A good friend helped me get the courage to turn these. She said “what is the worst that can happen?” Well, the worst is that I destroy a $50 pen blank (moonscape – herringbone is from his “economy” line). It would hurt but the pen is for myself anyway. If I destroyed it it would have been an expensive pen blank but a fairly cheap learning experience. And I would still have fun along the way. Luckily this one turned out OK. I may give it away just so I can make another one. :D

-- David, Florida

View Roper's profile


1389 posts in 3739 days

#5 posted 05-25-2009 03:12 AM

good for youepp-dog turning can be a cruel misterss she pulls at your heart strings and can rip you to pieces, but only on those really expensive pieces. very nice pens, great job. does ken have a web address?

-- Roper - Master of sawdust-

View Andy's profile


1694 posts in 3934 days

#6 posted 05-25-2009 04:28 AM

Very nicely done!

-- If I can do it, so can you.

View stefang's profile


15881 posts in 3360 days

#7 posted 05-25-2009 10:51 AM

Looks great! Must be difficult. I’m just wondering how it’s done. Never seen this before.

-- Mike, an American living in Norway.

View epp_dog's profile


58 posts in 3439 days

#8 posted 05-25-2009 12:33 PM

I am not affiliated with any of these suppliers, just a very happy customer. For those of you that have not run across his products, his website is Woodcraft is also carrying his puzzle and American flag kits for some pen sizes. Arizona Silhoutte is also carrying some.

There are several videos available for turning these kits on the web. In the end I chose to follow the instructions from the kit fairly close – Woodcraft has their detailed instructions online. The process is simple but slow. Set each individual piece in place and use thin CA to hold the piece in place (thin CA will quickly run around a cylinder and wick under your finger – DAMHIK). The stars use a different method with yellow wood glue.

If the inlay piece falls below the opening of the tube, you will have to sand it flush – sandpaper around a dowel works well. Then glue the tube in.
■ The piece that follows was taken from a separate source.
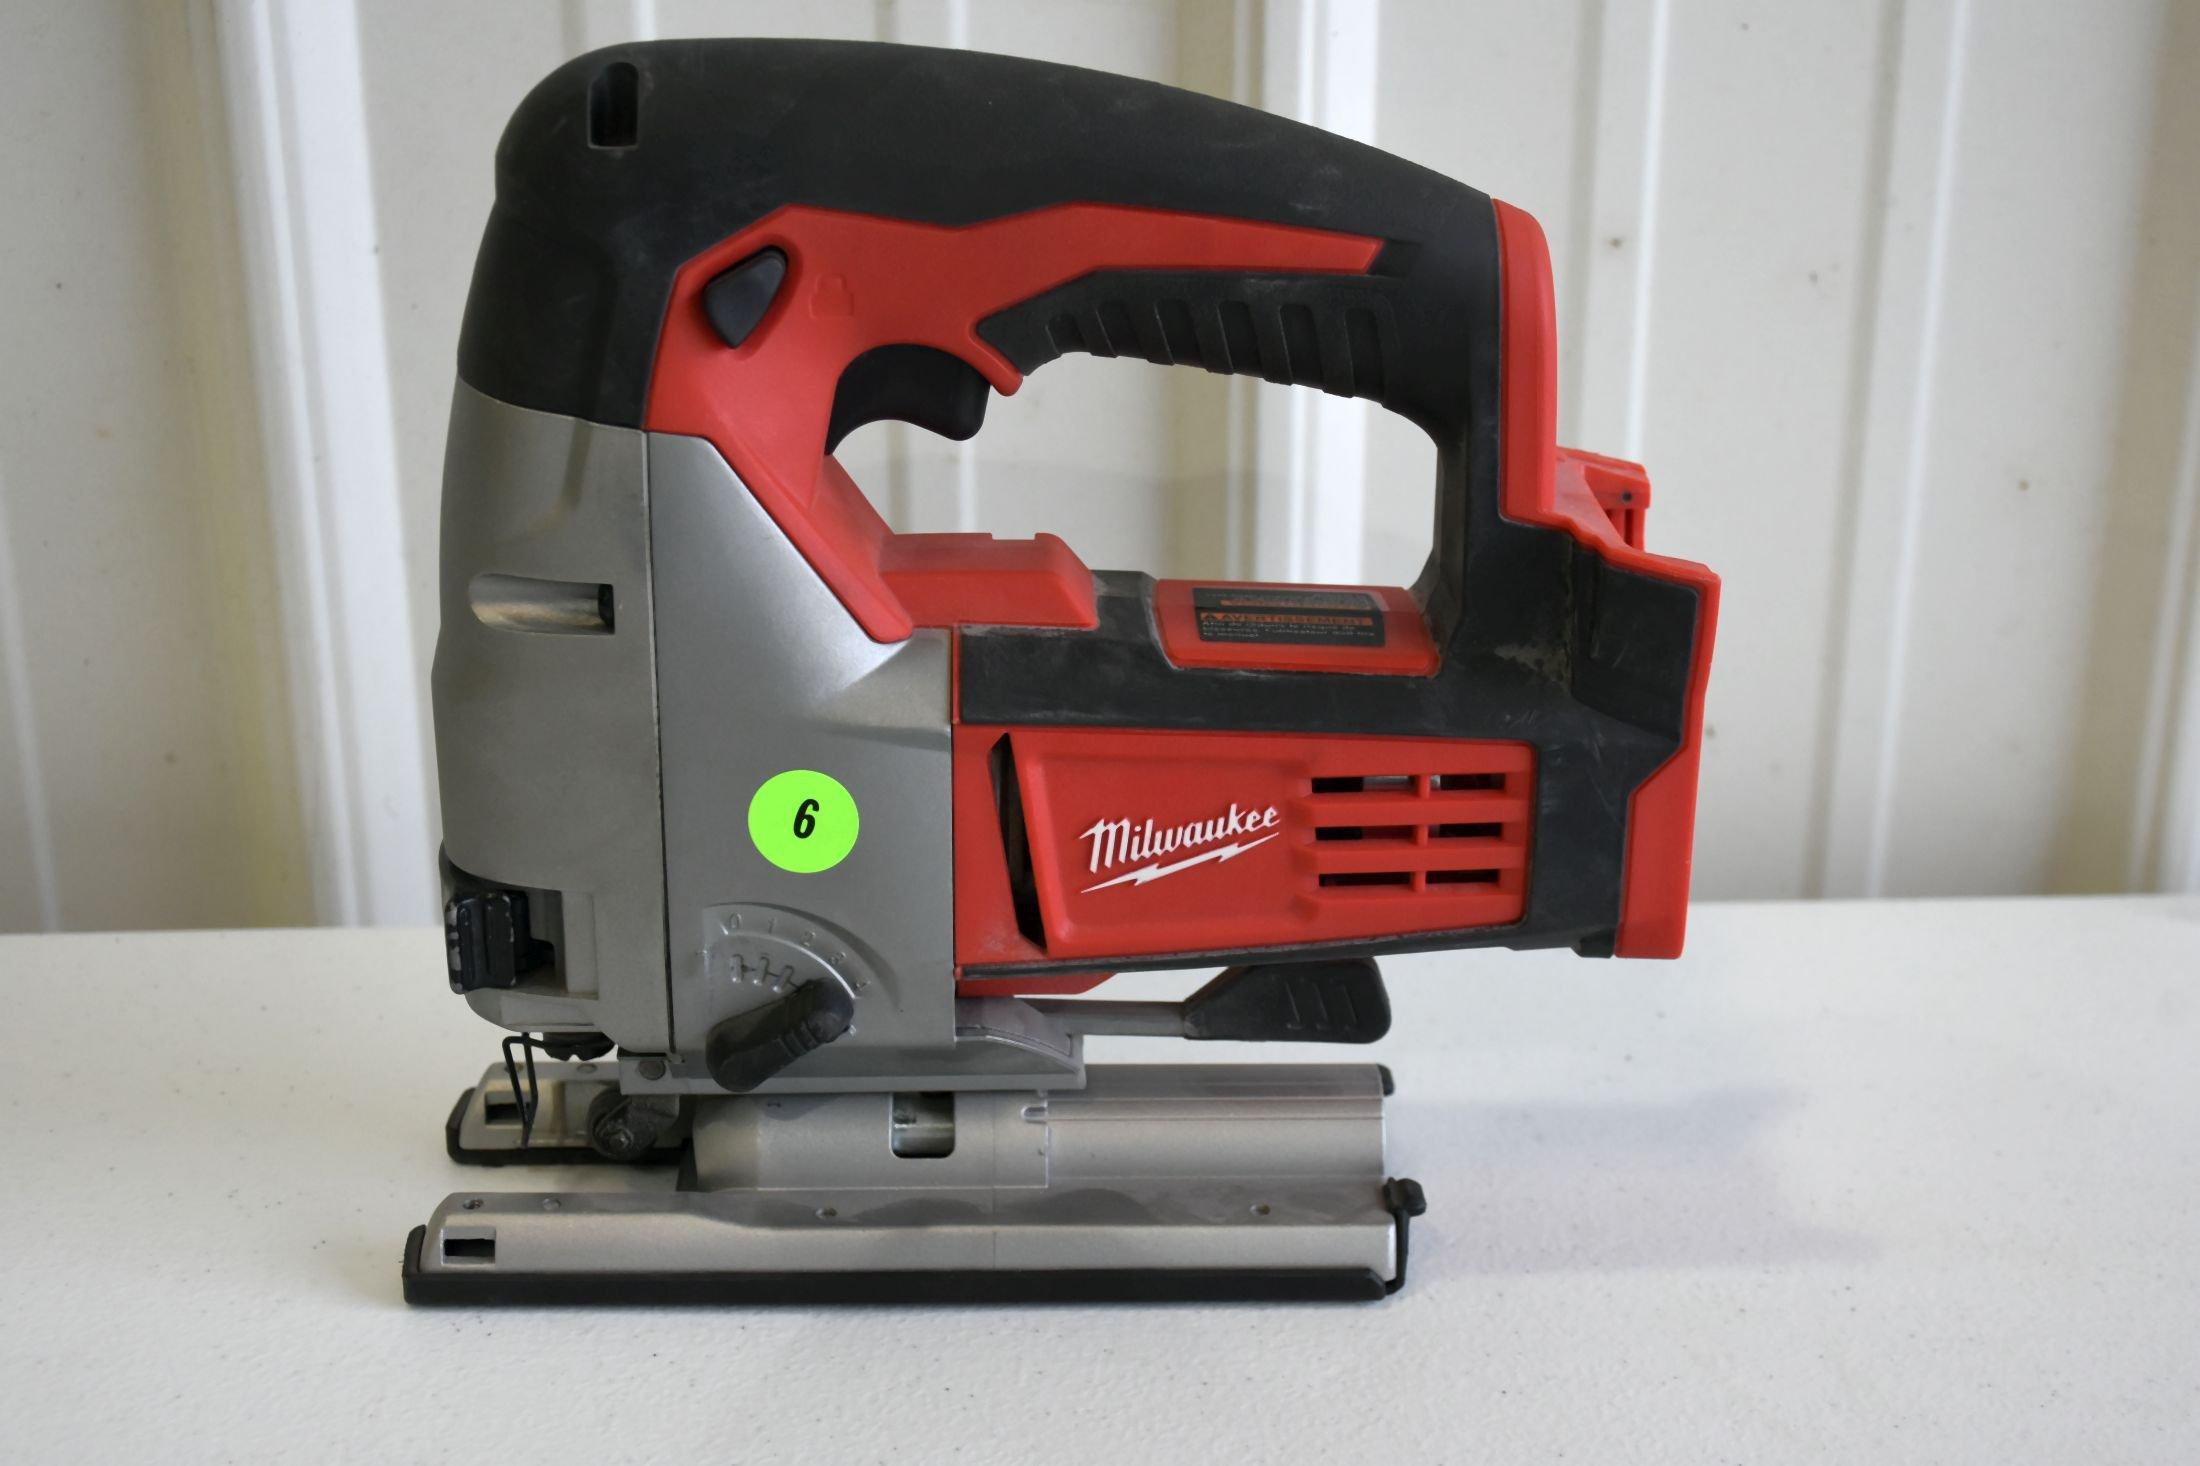 Milwaukee Jig Saw, No Battery, Working Condition

I replaced the brass tube with a nickel one for the moonscape as the “earth” piece was a transparent blue/green acrylic.

A pen mill is not recommended but it worked well for the first 2 as they didn’t have lots of little pieces glued right up to the edge so I will build a jig for flushing the flag on the sander and CERTAINLY for the puzzle pieces.
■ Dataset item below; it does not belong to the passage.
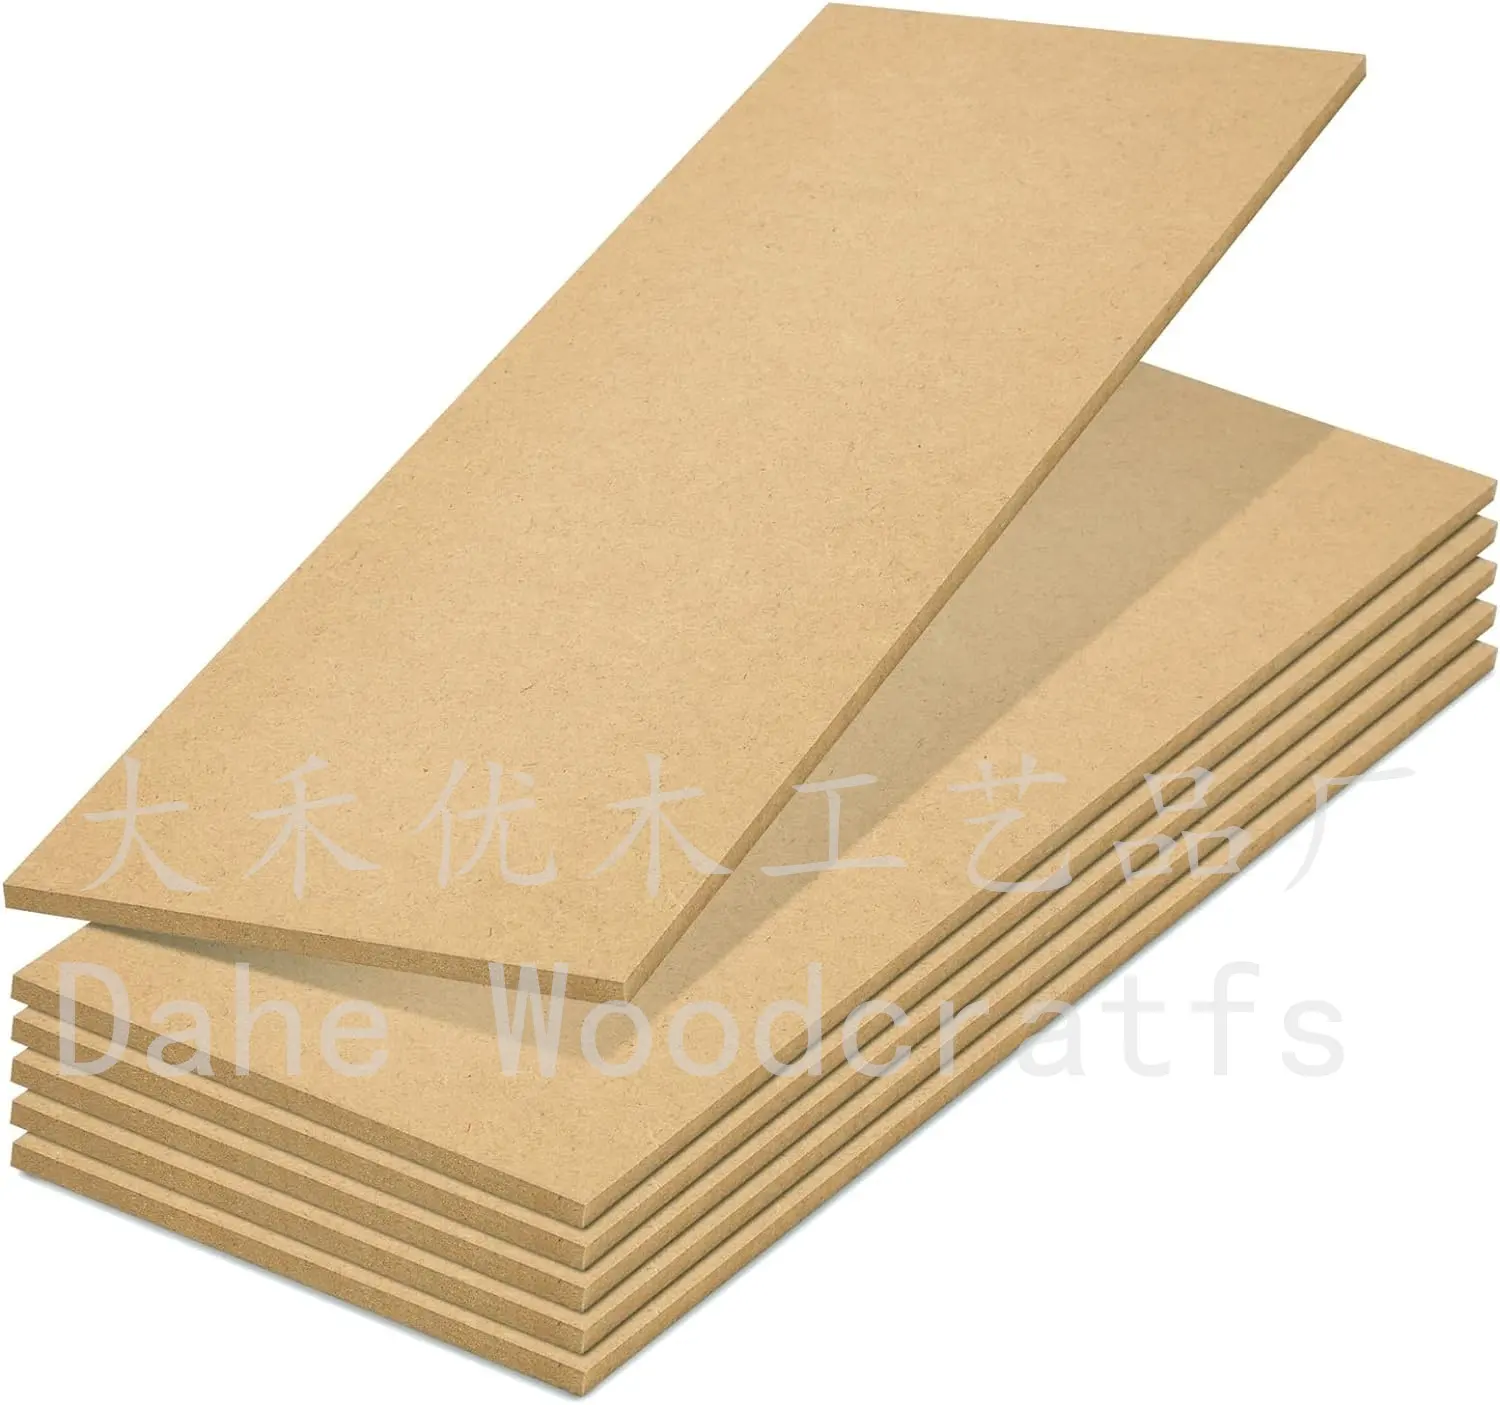 5*15 in Unfinished MDF Wood Planks for Crafts Wall Decoration Art Classes Carpentry Painting

My first step in turning was to sand the outside flush with 100 grit sandpaper. Some of the wood didn’t go in all the way and when I epoxyed the tube in place that got epoxy all over the outside of the tube. I would only use epoxy for gluing in the tube as there will be slight gaps inside the tube. Then with a SHARP skew slowly work the blank down.
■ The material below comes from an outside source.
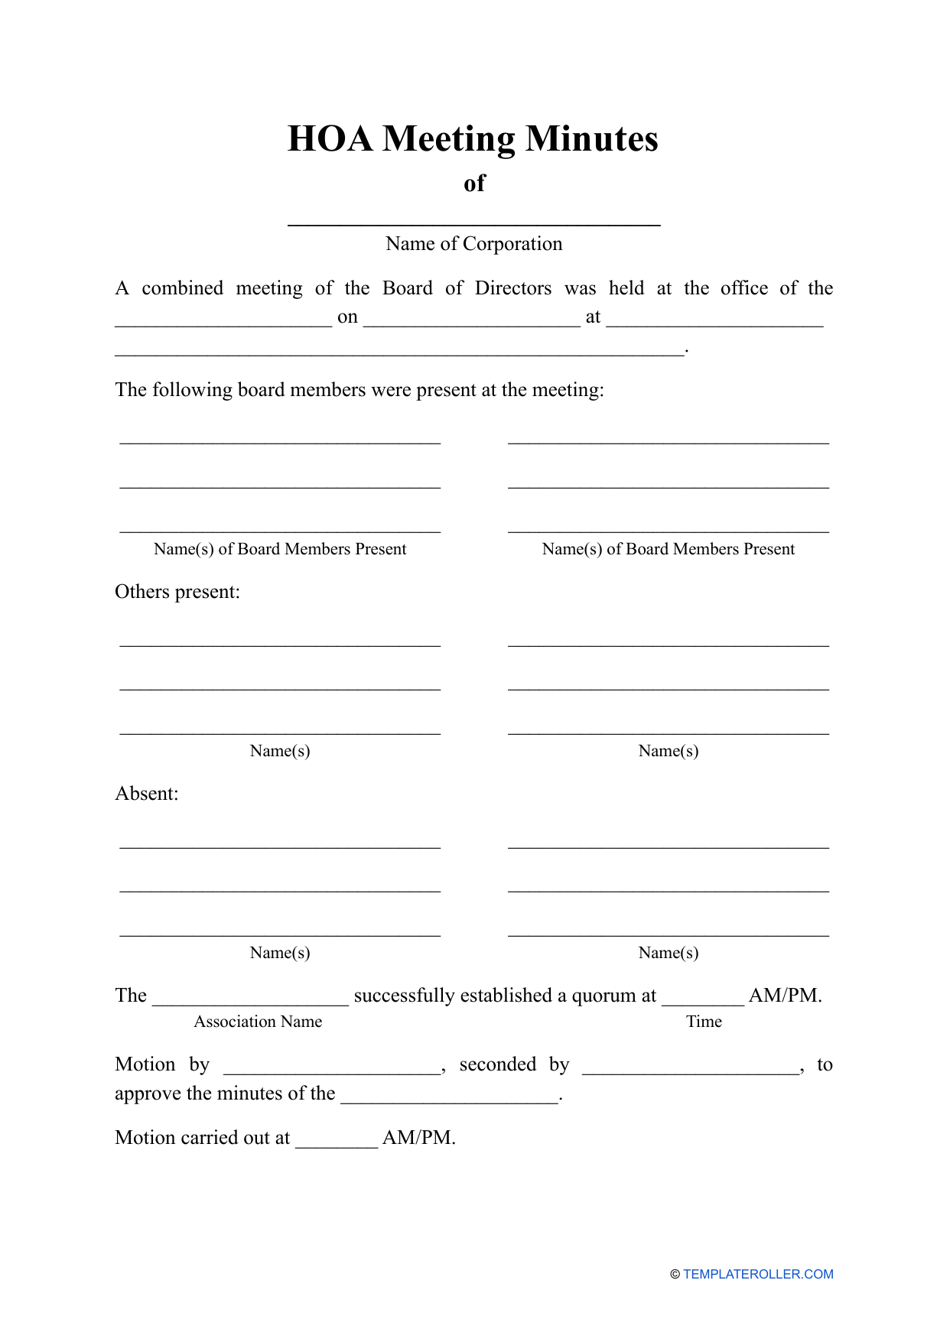 hoa-meeting-minutes-template-fill-out-sign-online-and-download-pdf-templateroller

Here is what a kit looks like (from the woodcraft website).

If you are a pen turner, you should really consider one of these inlay kits IMO.

-- David, Florida

View jockmike2's profile


10635 posts in 4273 days

#9 posted 05-25-2009 01:34 PM

Nice looking pens, to say the least.

-- (You just have to please the man in the Mirror) Mike from Michigan -

View Grumpy's profile


23997 posts in 3877 days

#10 posted 05-29-2009 05:46 AM

Excellent work David.

-- Grumpy - "Always look on the bright side of life"- Monty Python

View a1Jim's profile


117120 posts in 3603 days

#11 posted 05-29-2009 06:20 AM

David this is unbelievable cool .great job.